Dot (Camilla Belle), a young deaf and mute girl, is taken in by her godparents and their younger daughter Nina (Elisha Cuthbert). It is only after a few days that Dot begins to realize that there are some incredibly dark secrets that the family has. She then has to decide whether to live with these secrets or personally confront them with the consequences of what well happen in mind.
In a way that many other films this year have not been able to do successfully, The Quiet creates a unique but eerie atmosphere in which the characters of the film live in. From the very beginning, it is easy to see the dysfunctional and macabre natures of the Deer family. This makes it easy to connect with Dot, since she seems to be the only normal one in the film. What seems to be so nightmarish about the family is the fact that it's perfectly believable. So believable that we almost feel like Dot. We feel alone and trapped inside the atmosphere.

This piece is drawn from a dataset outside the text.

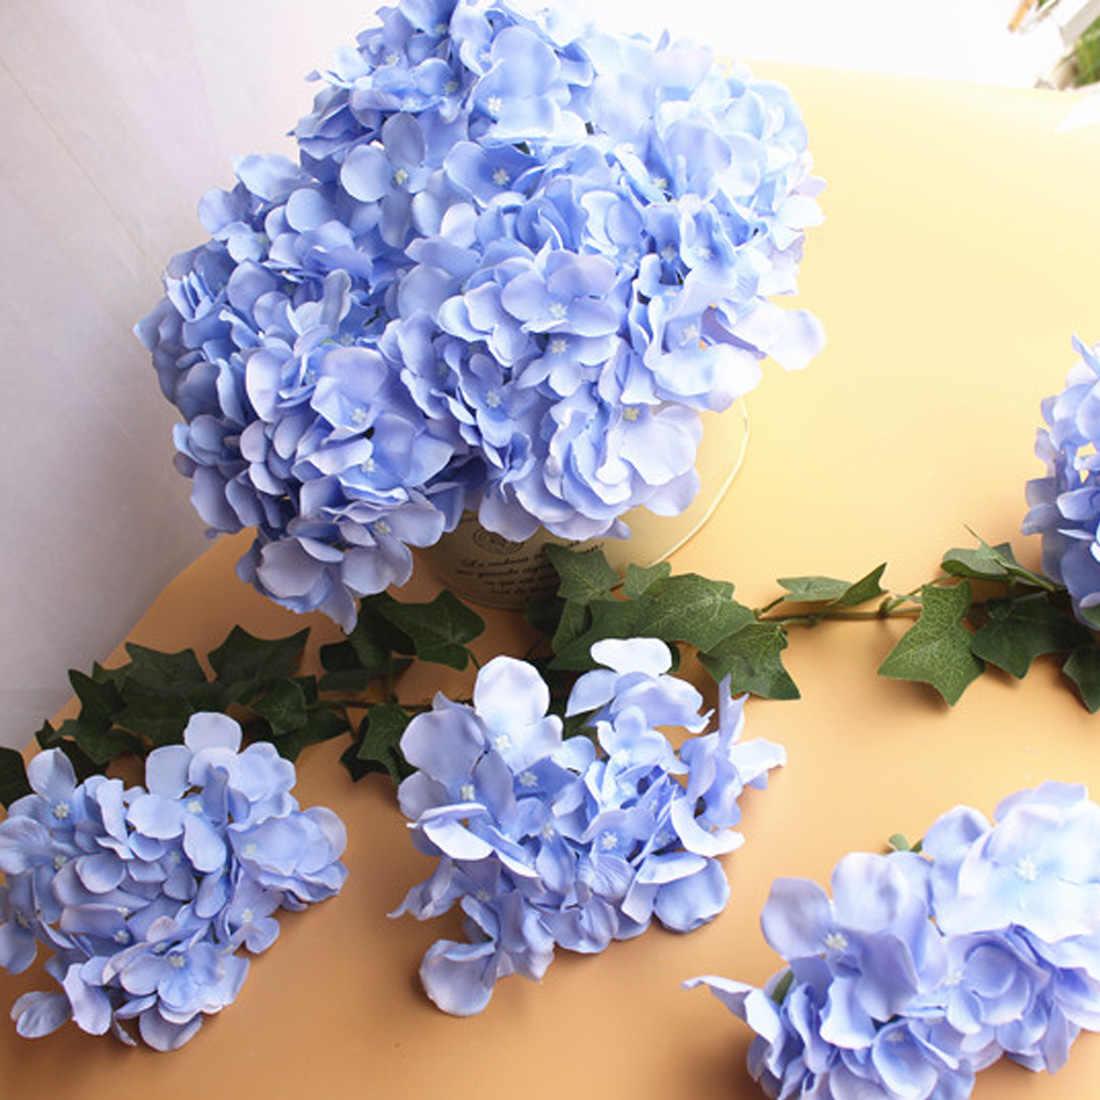 人工アジサイ 1 個シルクフラワーフェイクフラワーウェディングデコレーション春 vivid ビッグ結婚式ホームデコレーション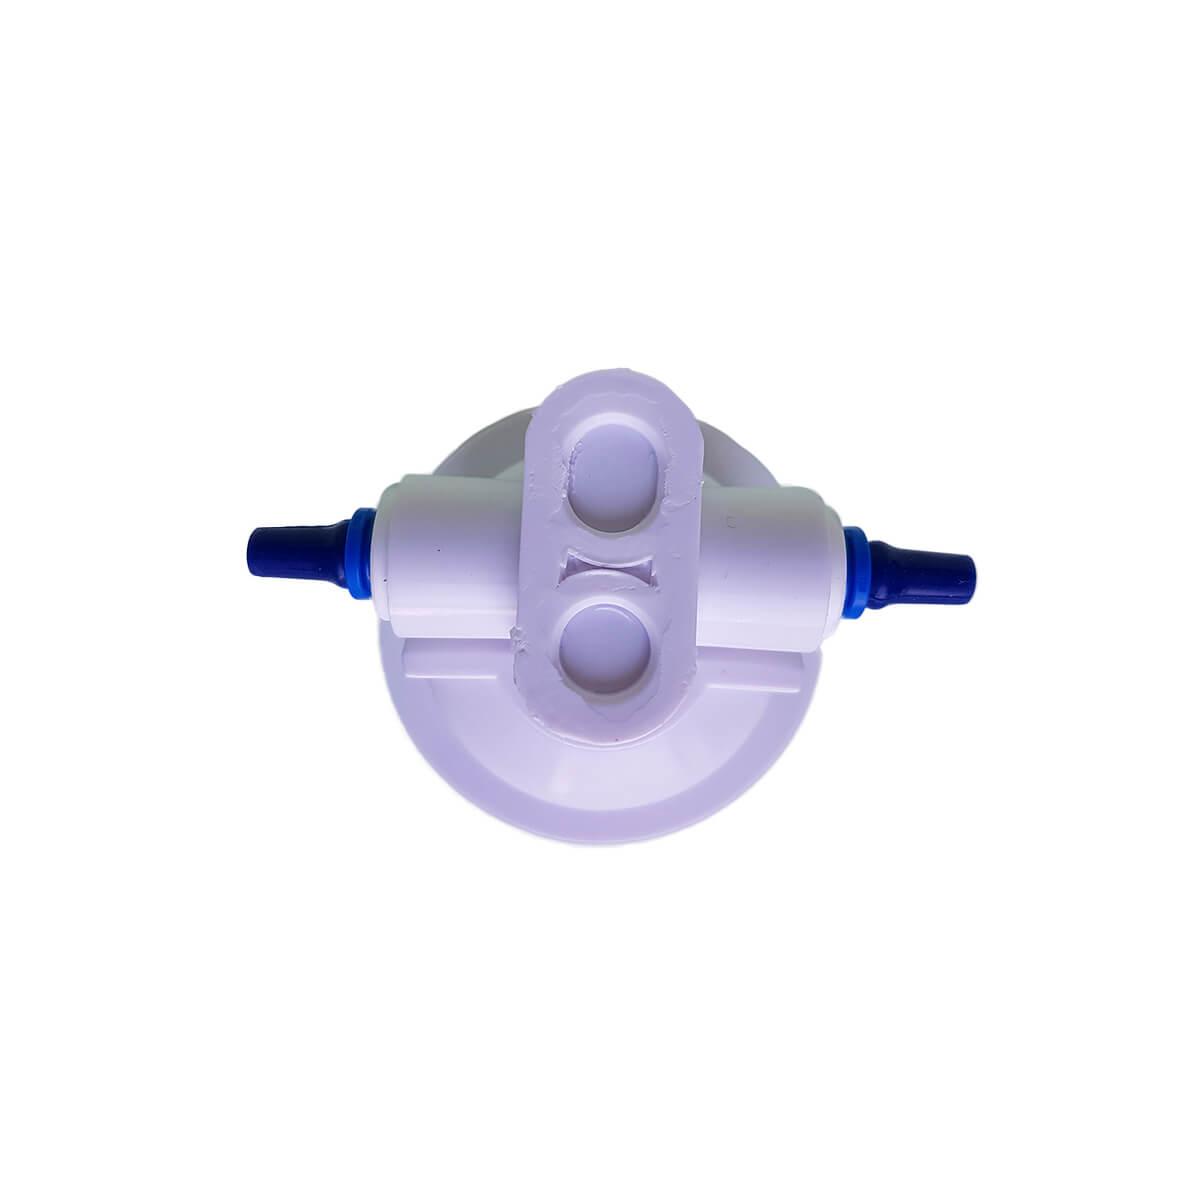 Tampa Filtro Para Purificador De Água Electrolux PA10N PA20G PA30G PA40G PA25G - 306633000106

The believability is also achieved by the fantastic performances of the actors in the film. Martin Donovan puts just the right amount of creepy into the role of the father so we understand that he is mentally sick, but we also know that he realizes this. Elisha Cuthbert is insanely bitchy and cold in the beginning of the film, but is able to soften up after we see the hell that she is going through.
The music in the film is also very fitting. It is unique that it is only solid piano through most of the film. Although it might come off as a little limited at first, the music creates a great deal of tension in specific scenes, as well as adds an unsettling mood.
The reason I am so drawn into The Quiet is because of its ability to deal with uncomfortable issues and not look away from them. It is easy for a film to throw some generic issues on a table and scuttle around on ways to deal with them, but The Quiet doesn't ignore what it's dealing with. I feel like this is a strong point because it showcases that the director Jamie Babbit, as well as everyone else involved in the film, believes in the strong points of the movie. Sexual abuse is defiantly not a topic that is easy for everyone to deal with. Babbit isn't afraid to show what many of the main characters are feeling, which is revealed through conversations that characters have with Dot.
The Quiet is a disturbing but honest look at many difficult issues that unfortunately are overlooked in many households. For an audience who is looking to be challenged with complicated issues, The Quiet offers quite a bit, while still providing an emotionally pleasing closure.